Legal basis: Art. 6 para. 1 lit. b GDPR

Clerk may transfer data to third countries (e.g., USA). Transfer is based on appropriate safeguards (standard contractual clauses).

6.2 Stripe (Payment Processing)

Payments are processed via Stripe.

  • Payment data
  • Billing information
  • IP address
  • Payment status

Stripe is an independent controller for payment data. Stripe's privacy policy applies.
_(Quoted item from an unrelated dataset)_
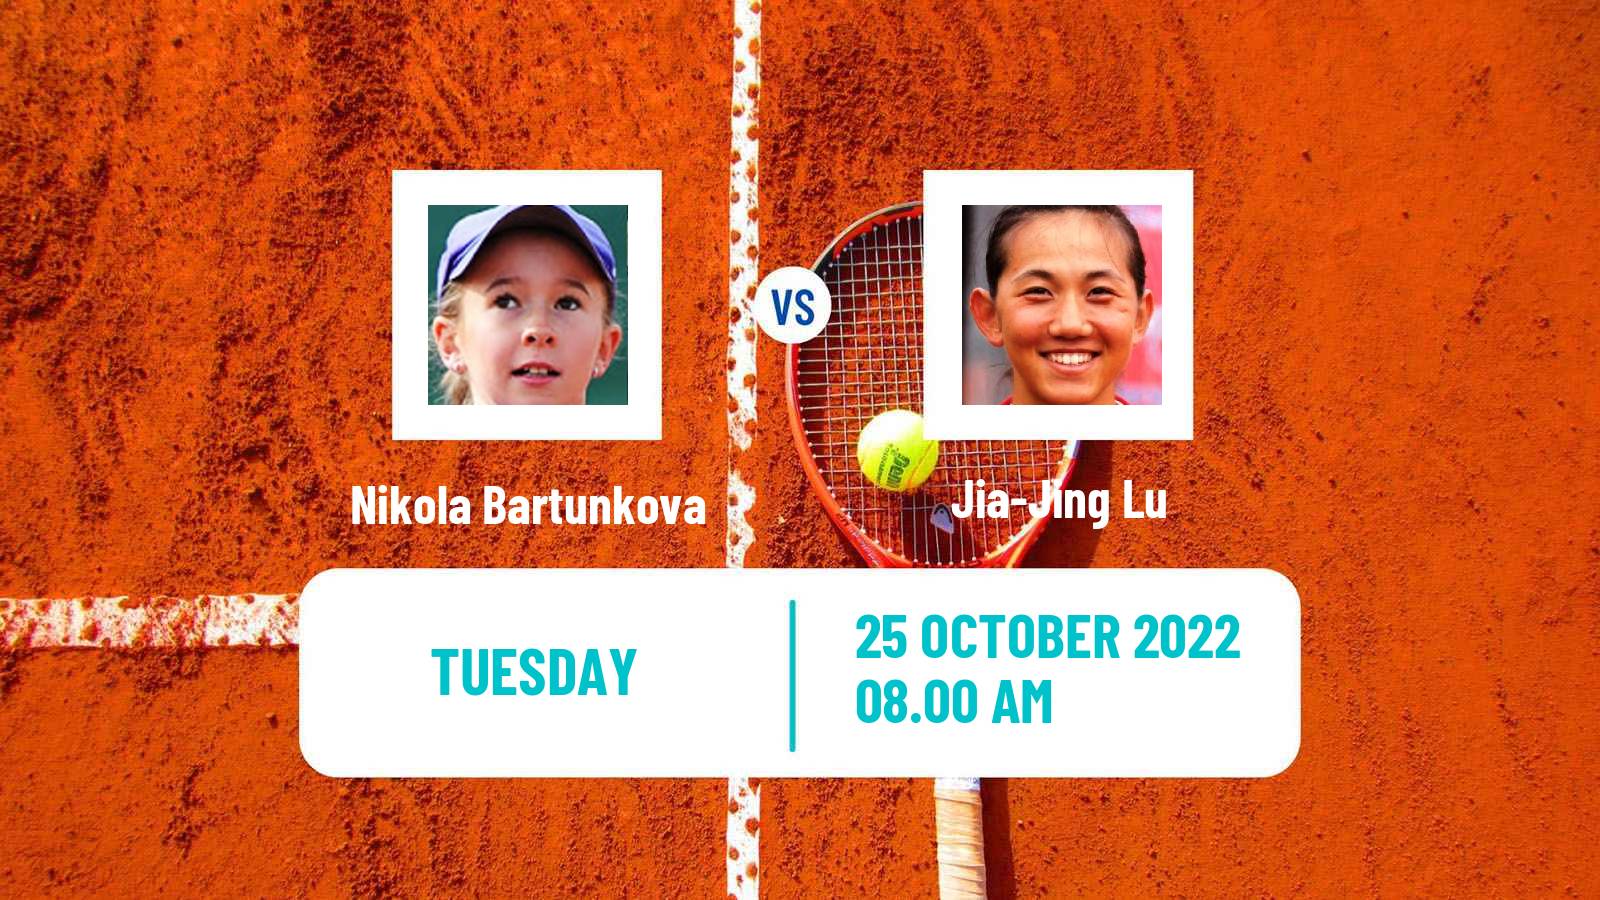 Tennis ITF Tournaments Nikola Bartunkova - Jia-Jing Lu

Legal basis: Art. 6 para. 1 lit. b GDPR

6.3 Sportmonks (Football Data)

We obtain live data via the Sportmonks API.

No personal user data is transmitted to Sportmonks. Only match and statistics data is processed.

6.4 Cloudinary (CDN & Media Optimization)
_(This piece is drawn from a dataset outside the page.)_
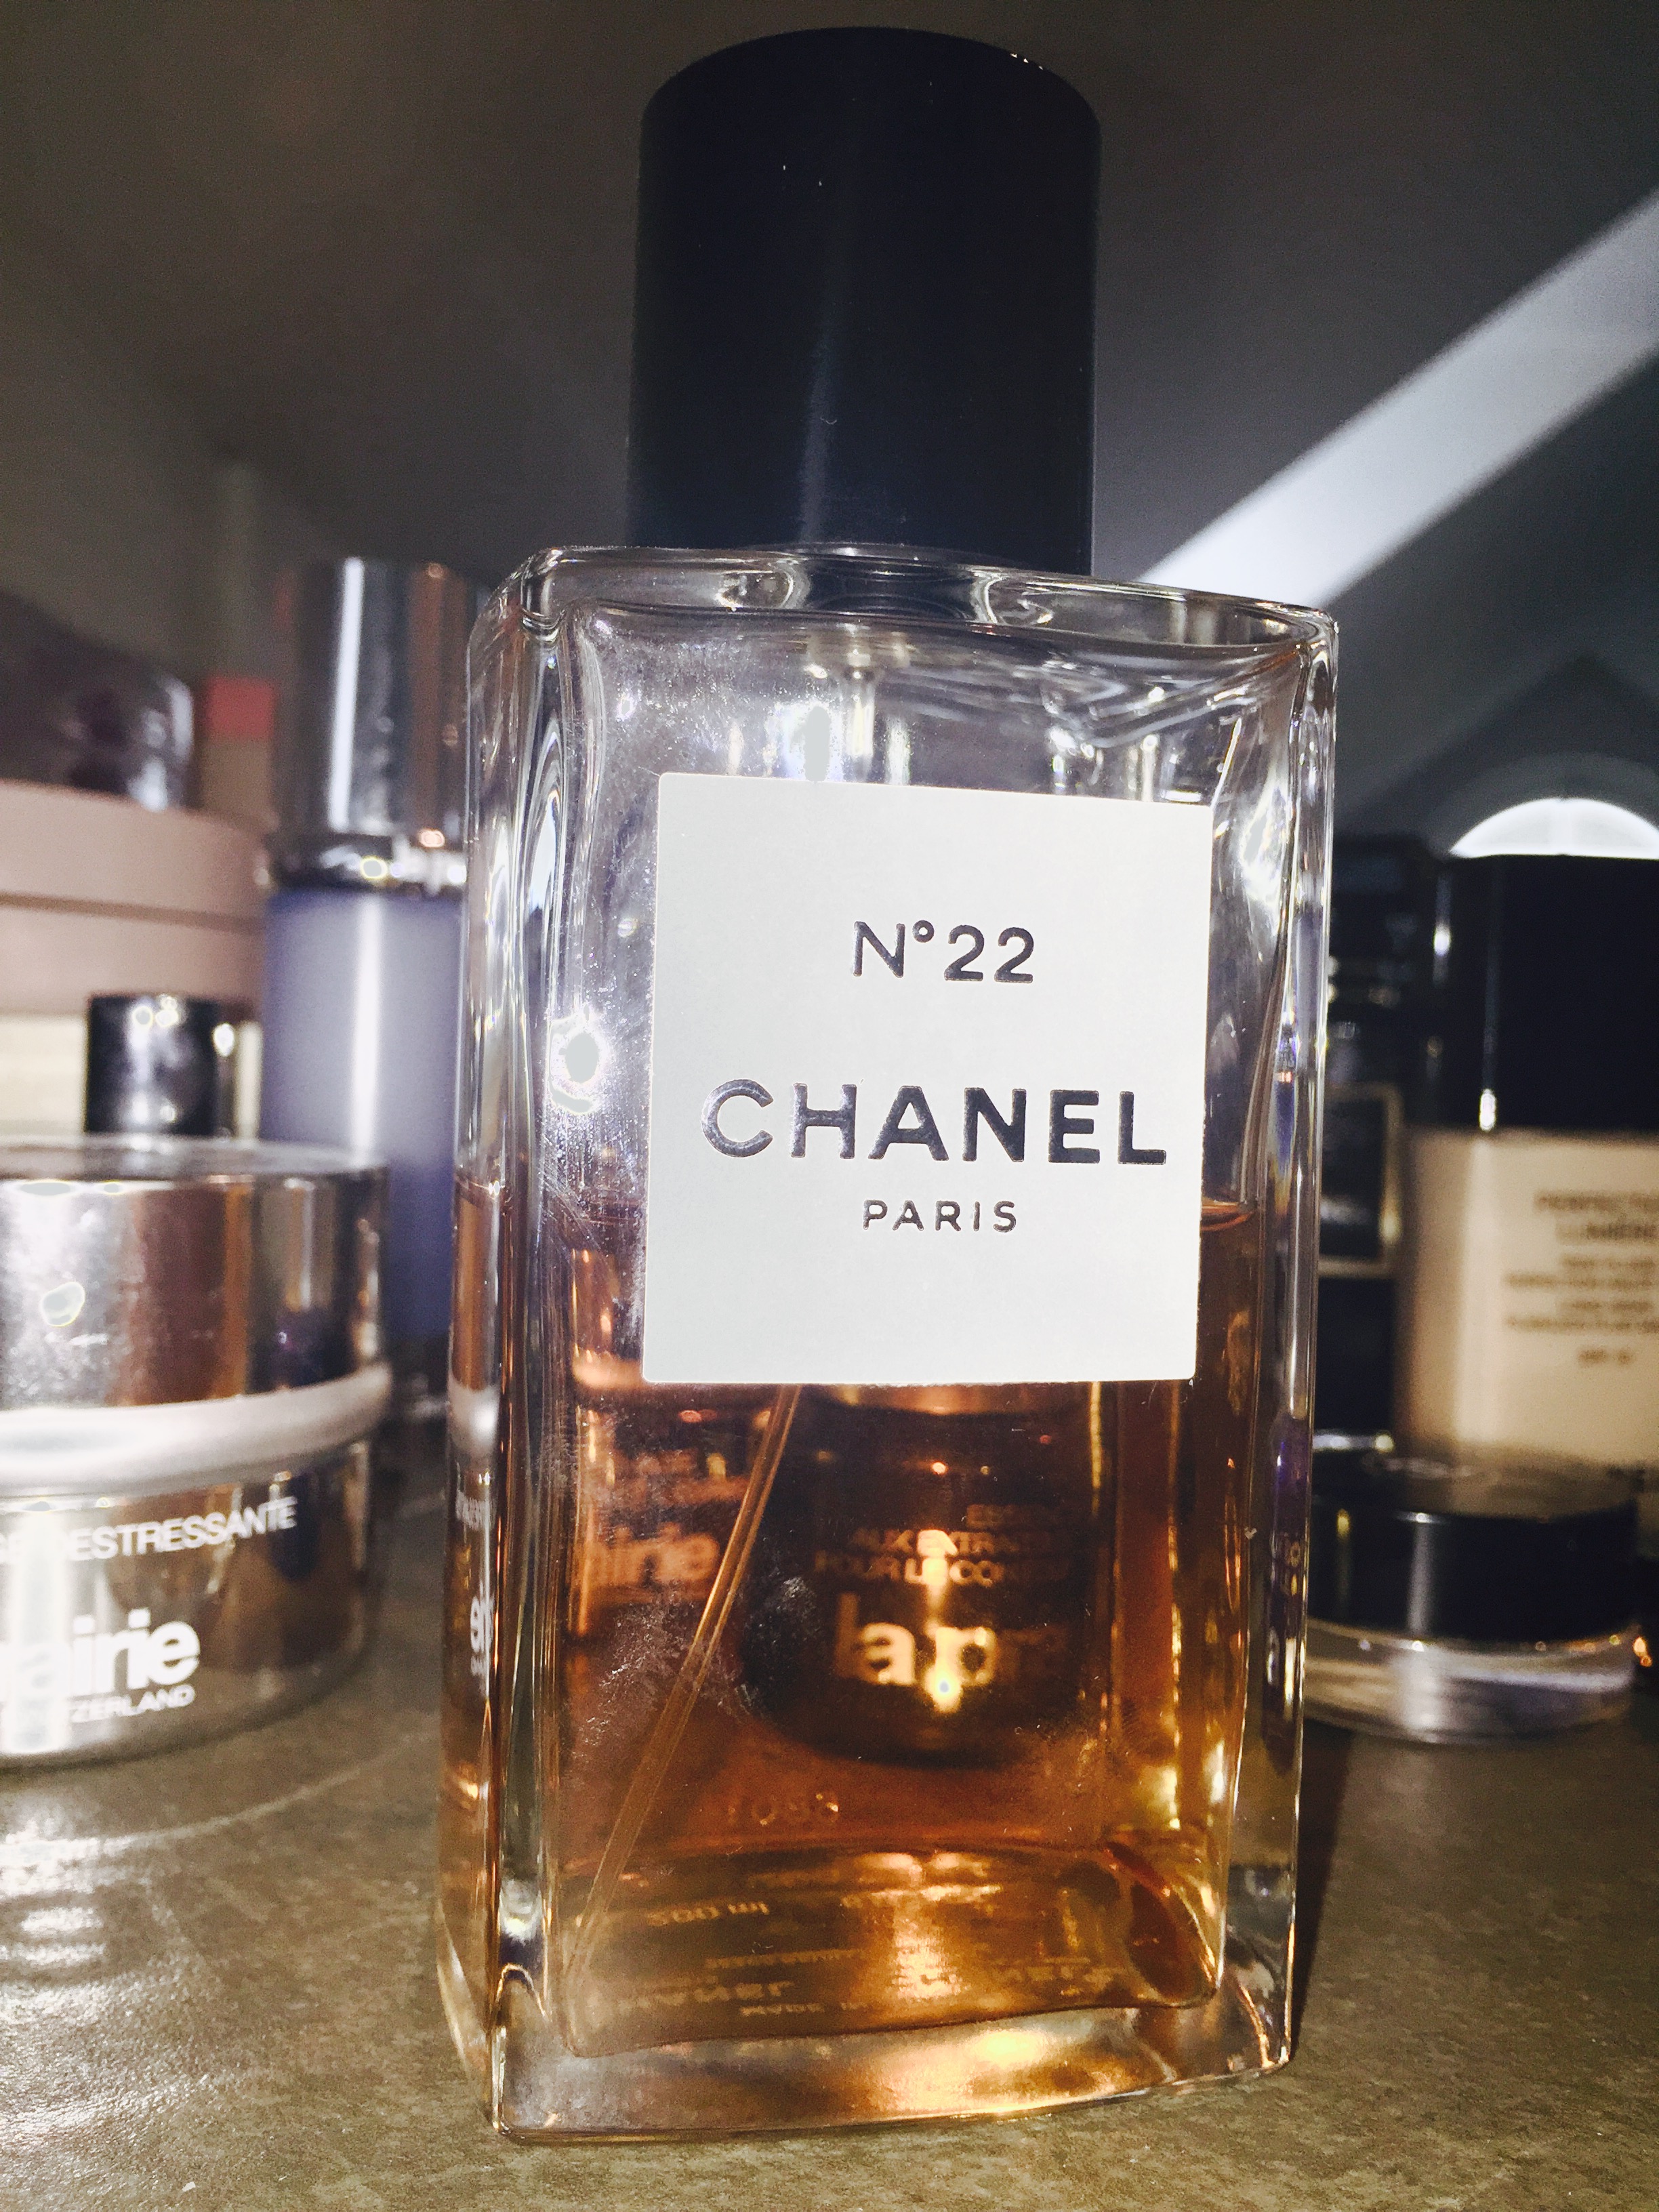 Les Exclusifs de Chanel Misia Chanel perfume - a fragrance for women 2015

We use Cloudinary for optimized delivery of images and media.

  • IP address
  • Browser type
  • Device information
  • Time of access

Purpose:

  • Performance optimization
  • Reduced loading times
  • Scalable media delivery

Legal basis: Art. 6 para. 1 lit. f GDPR (legitimate interest)

6.5 Google Analytics

We use Google Analytics to analyze user behavior.

  • Anonymized IP address
  • Browser information
  • Usage behavior
  • Session duration

Google Analytics is only activated after explicit consent.

Legal basis: Art. 6 para. 1 lit. a GDPR

You can withdraw your consent at any time.

6.6 Sentry (Error Monitoring)

We use Sentry for technical monitoring and error analysis.

  • Technical error logs
  • Browser information
  • IP address (possibly truncated)
  • User ID (if logged in)

Purpose:

  • Ensuring system stability
  • Error fixing
  • Performance optimization

Legal basis: Art. 6 para. 1 lit. f GDPR

7. One-Stop-Shop & International Users

For sales to EU private customers below the legal turnover limit, taxation takes place in Germany.

When the threshold is exceeded, processing takes place via the OSS procedure.

8. Cookies

We use:

  • Technically necessary cookies
  • Authentication cookies (Clerk)
  • Analytics cookies (Google Analytics, only with consent)

A cookie banner allows you to manage your consents.

9. Data Security

We implement modern security measures:

  • TLS/HTTPS encryption
  • Role-based access control
  • Serverless infrastructure (Netlify)
  • Monitoring (Sentry)
  • Distributed caching (Redis)
  • Background job processing (Bull Queues)

10. Data Transfer to Third Countries

Some of our service providers (e.g., Stripe, Clerk, Cloudinary, Google, Sentry) may transfer data to third countries.

Transfer only takes place in compliance with legal requirements (standard contractual clauses or adequacy decision).

11. Storage Duration

We store personal data only as long as:

  • It is necessary for contractual purposes
  • Legal retention periods exist
  • Legitimate interests exist

12. Rights of Data Subjects

You have the right to:

  • Information
  • Correction
  • Deletion
  • Restriction
  • Data portability
  • Withdrawal of consent
  • Complaint to a supervisory authority

Please send requests to: info@scoutsland.com

13. Changes to this Privacy Policy

We reserve the right to adapt this privacy policy when our services or legal requirements change.